Democratic House Rep Tulsi Gabbard proposed a bill that would impose an “excess profit” tax on large businesses that were allowed to stay open during the pandemic. Gabbard says that the money would then be redistributed to assist small businesses that were damaged and/or shutdown due to virus regulations. The Hawaii Rep says that large corporations will emerge from the pandemic stronger than ever before while 1 out of every 4 small businesses will close and everyone else is simply suffering.
An “excess profit” tax is not a new concept. In fact, in a Twitter video, Tulsi lays out the pre-existing concept. During World War 1 and World War 2, there was apparently a tax imposed on businesses with the intention of collecting any monies they made as a result of the war. And the “excess” would be tabulated by taking the average of 2016-2019 income for a specific company and then looking at their 2020 income. According to information about the tax floating around the internet, the rate could go as high as 95%. At that high of a rate, it would simply be a confiscation rather than a tax. It is not quite clear if any businesses actually paid the “excess profit” tax back then, but Gabbard would like for businesses to pay it today.

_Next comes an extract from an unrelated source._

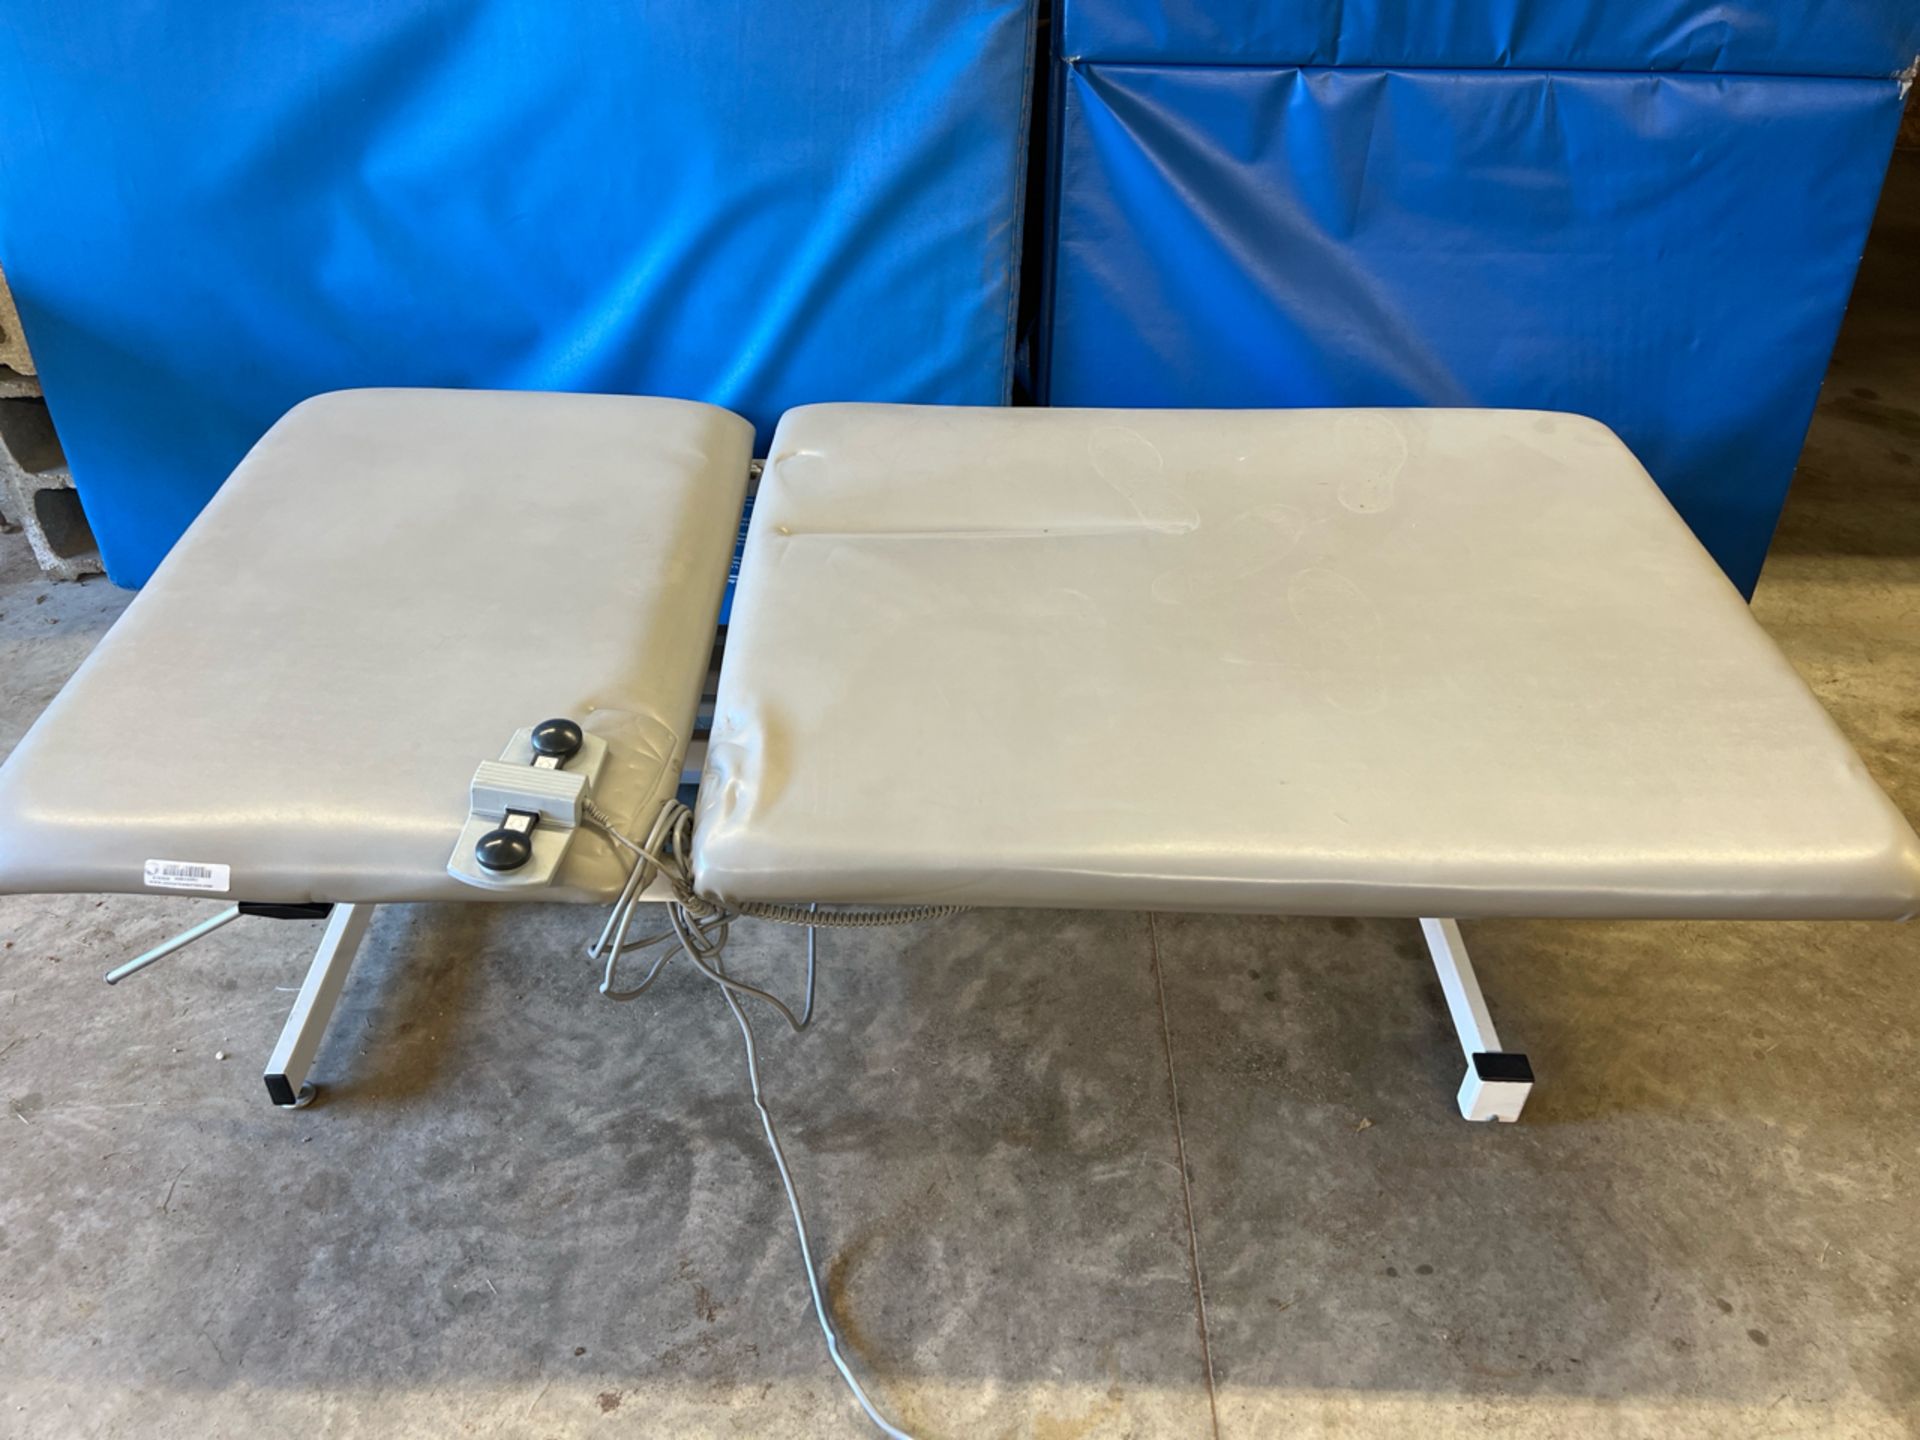 PERFORMA 553733 POWER THERAPY TABLE WITH FOOT CONTROL

Tulsi Gabbard is widely recognized as a “less crazy” and “less radical” version of a Democrat. But make no mistake, she is a Democrat through and through. In the aforementioned Twitter video, she mentioned the impact on small businesses that the virus has had. But she doesn’t mention the true cause of the problem, which are the regulations. Placing one Government on top of another is a classic hallmark of leftism. Also, Tulsi Gabbard is a proponent of raising the federal minimum wage to $15 an hour, which produces a similar effect to the lockdowns. Small businesses cannot afford the increase in expense but large businesses can, therefore unfairly helping the “rich get richer.”